Wegen der schlechten medizinischen Versorgung und Yoons Unnachgiebigkeit, schien die Stimmung in der Bevölkerung zuletzt zu kippen. Die Oppositionspartei kritisierte Yoons mangelnde Gesprächsbereitschaft. Dass eine Einigung bis zum Wahltermin erzielt wird, scheint unwahrscheinlich. Ob Yoons harte Haltung seiner Partei schaden oder nutzen wird, ist kaum einzuschätzen.

Drängende soziale Fragen

Südkorea hat in den vergangenen Jahren eine beeindruckende wirtschaftliche Erfolgsgeschichte hingelegt. Von einem der ärmsten Staaten der Welt hat es sich zu einem modernen Hochtechnologie-Land gewandelt. Allerdings ist der Wachstumsmotor in den vergangenen Jahren ins Stocken geraten. Soziale Probleme haben sich verschärft. Die Lebenshaltungskosten sind rapide gestiegen, die Inflation bremst sich nur langsam ab. Vor allem die hohen Mieten und Wohnungspreise sind eine Belastung für viele Menschen. Der Arbeitsmarkt ist hochkompetitiv. Junge Leute müssen sich oft jahrelang Bewerberverfahren stellen, ehe sie eine ihrer Ausbildung entsprechende Stelle bekommen.

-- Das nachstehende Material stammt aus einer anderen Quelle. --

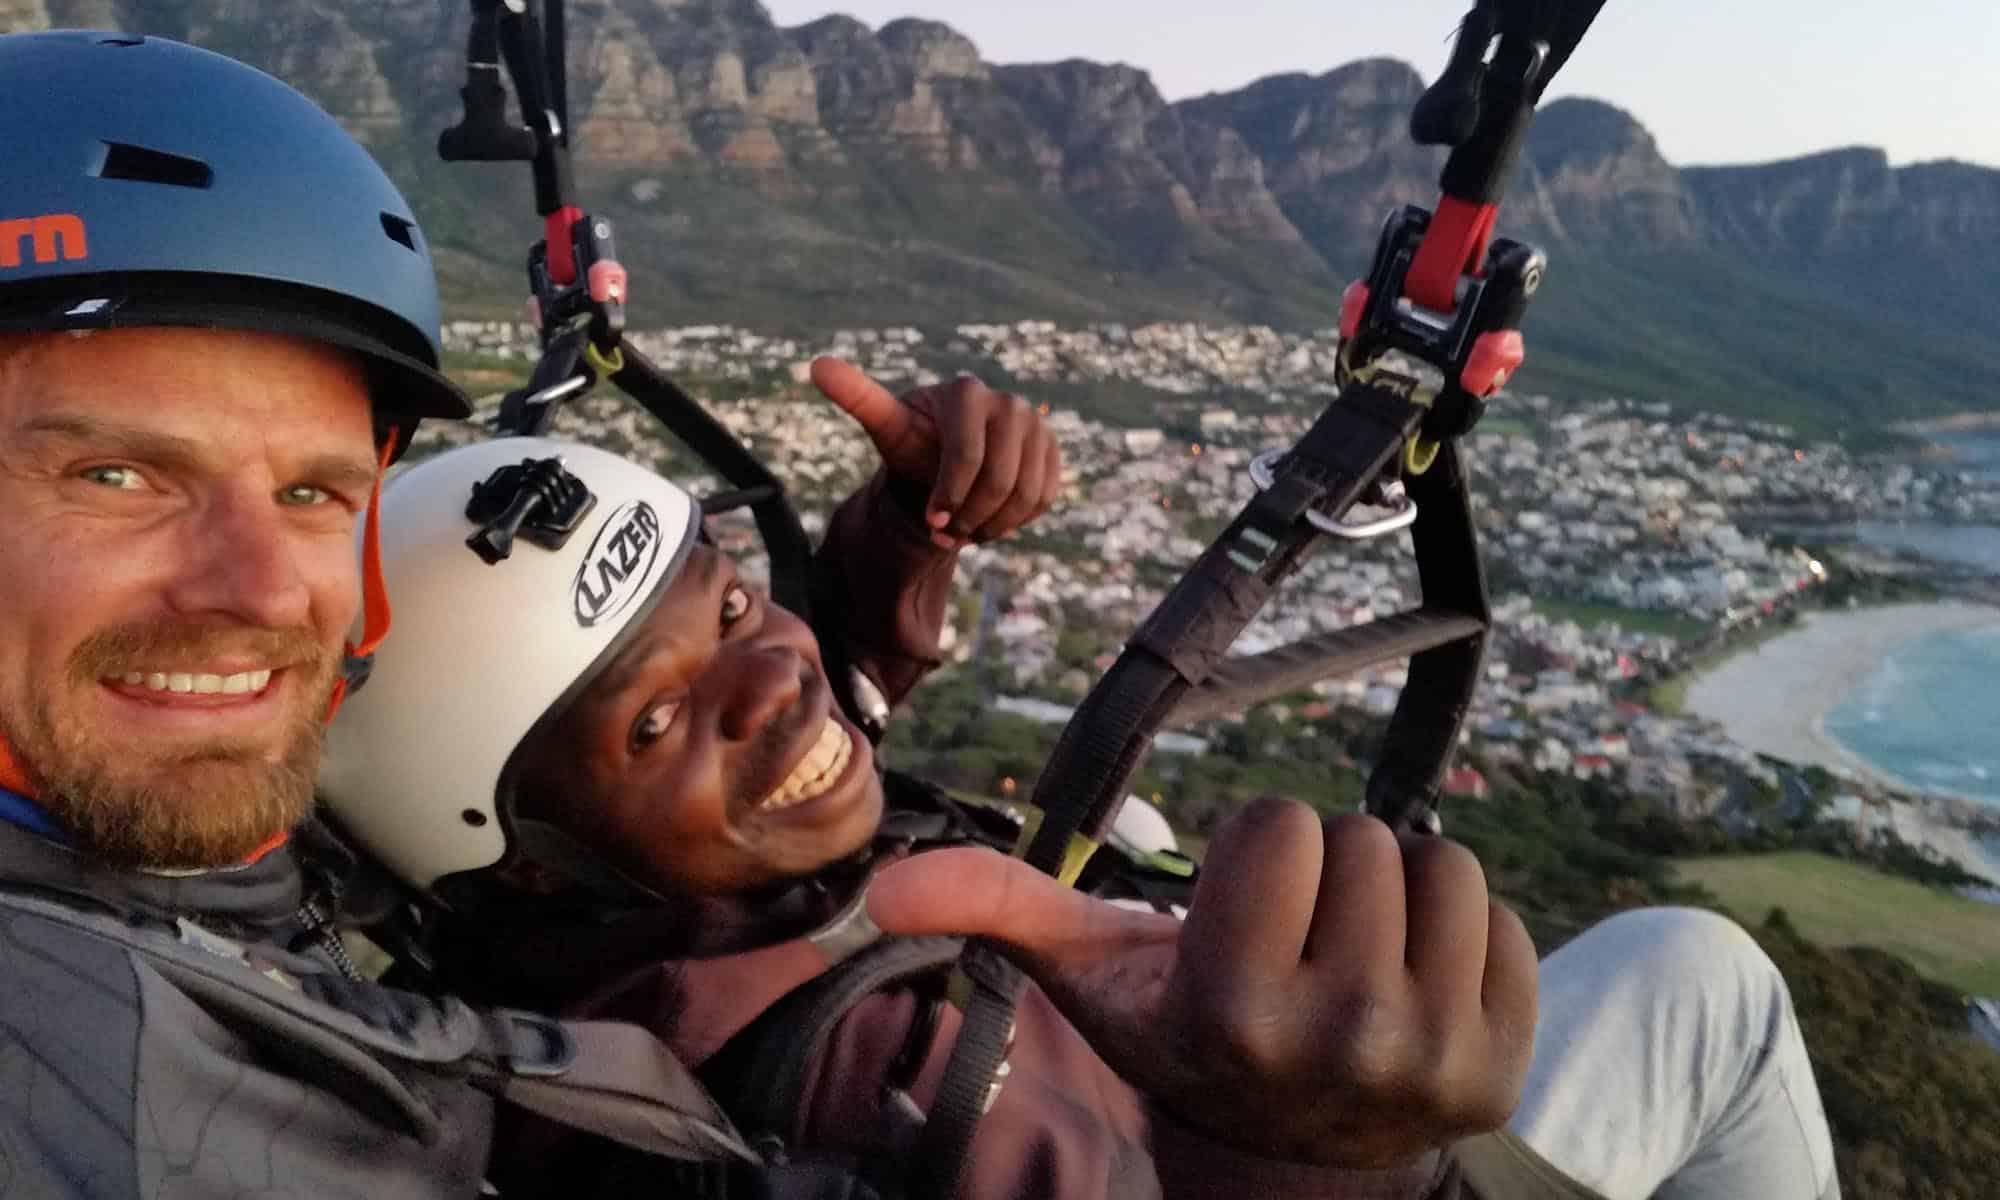 cape-hope-paragliding-12

Auch der demografische Wandel ist ein latentes Problem und damit immer wieder Wahlkampfthema. Korea hatte in den vergangenen Jahren eine Geburtenrate von nur 0,69 Kindern pro Frau. In Deutschland, das ebenfalls überaltert, ist diese Kennzahl immerhin noch fast doppelt so hoch.

Konstruktive und realistische Lösungsvorschläge für die Probleme präsentieren jedoch nur wenige Kandidaten. Stattdessen überbieten sie sich mit teuren Investitionsversprechen und anderen Wahlgeschenken ohne plausible Finanzierungsplänen.

Korea-Konflikt spielt kaum eine Rolle

Der Korea-Konflikt macht derzeit wieder internationale Schlagzeilen. Das Verhältnis der beiden koreanischen Staaten ist so schlecht wie seit Jahren nicht mehr. Fast wöchentlich testet Machthaber Kim Jong Un Raketen. Kurz vor dem Jahreswechsel machte er sogar die Aussage, dass Nordkorea keine friedliche Wiedervereinigung mehr anstrebe.

Südkoreas Präsident Yoon Suk Yeol setzt derweil auf eine Strategie der Abschreckung. Er droht mit harten Gegenschlägen im Falle eines nordkoreanischen Vorstoßes und versucht, Nordkorea international noch stärker zu isolieren. Die Oppositionspartei schlägt traditionell einen sanften Kurs gegenüber dem Norden an und wirft Yoon Kriegstreiberei vor.

Trotz der zunehmenden Spannungen und der unterschiedlichen Positionen der großen Parteien spielen nordkoreanische Provokationen aber keine große Rolle im Wahlkampf. Die Südkoreaner haben sich an die permanente Bedrohung durch den Norden gewöhnt. Zudem haben sich insbesondere die jüngeren Südkoreaner mit der Teilung des Landes abgefunden. Viele stehen einer möglichen Wiedervereinigung mit dem Norden skeptisch gegenüber. Die wirtschaftlichen und sozialen Probleme Südkoreas sind für sie deutlich wichtigere Themen als das Verhältnis zu Nordkorea.

Frederic Spohr leitet das Büro der Stiftung in Seoul. Maja Adler absolviert dort derzeit ein Praktikum.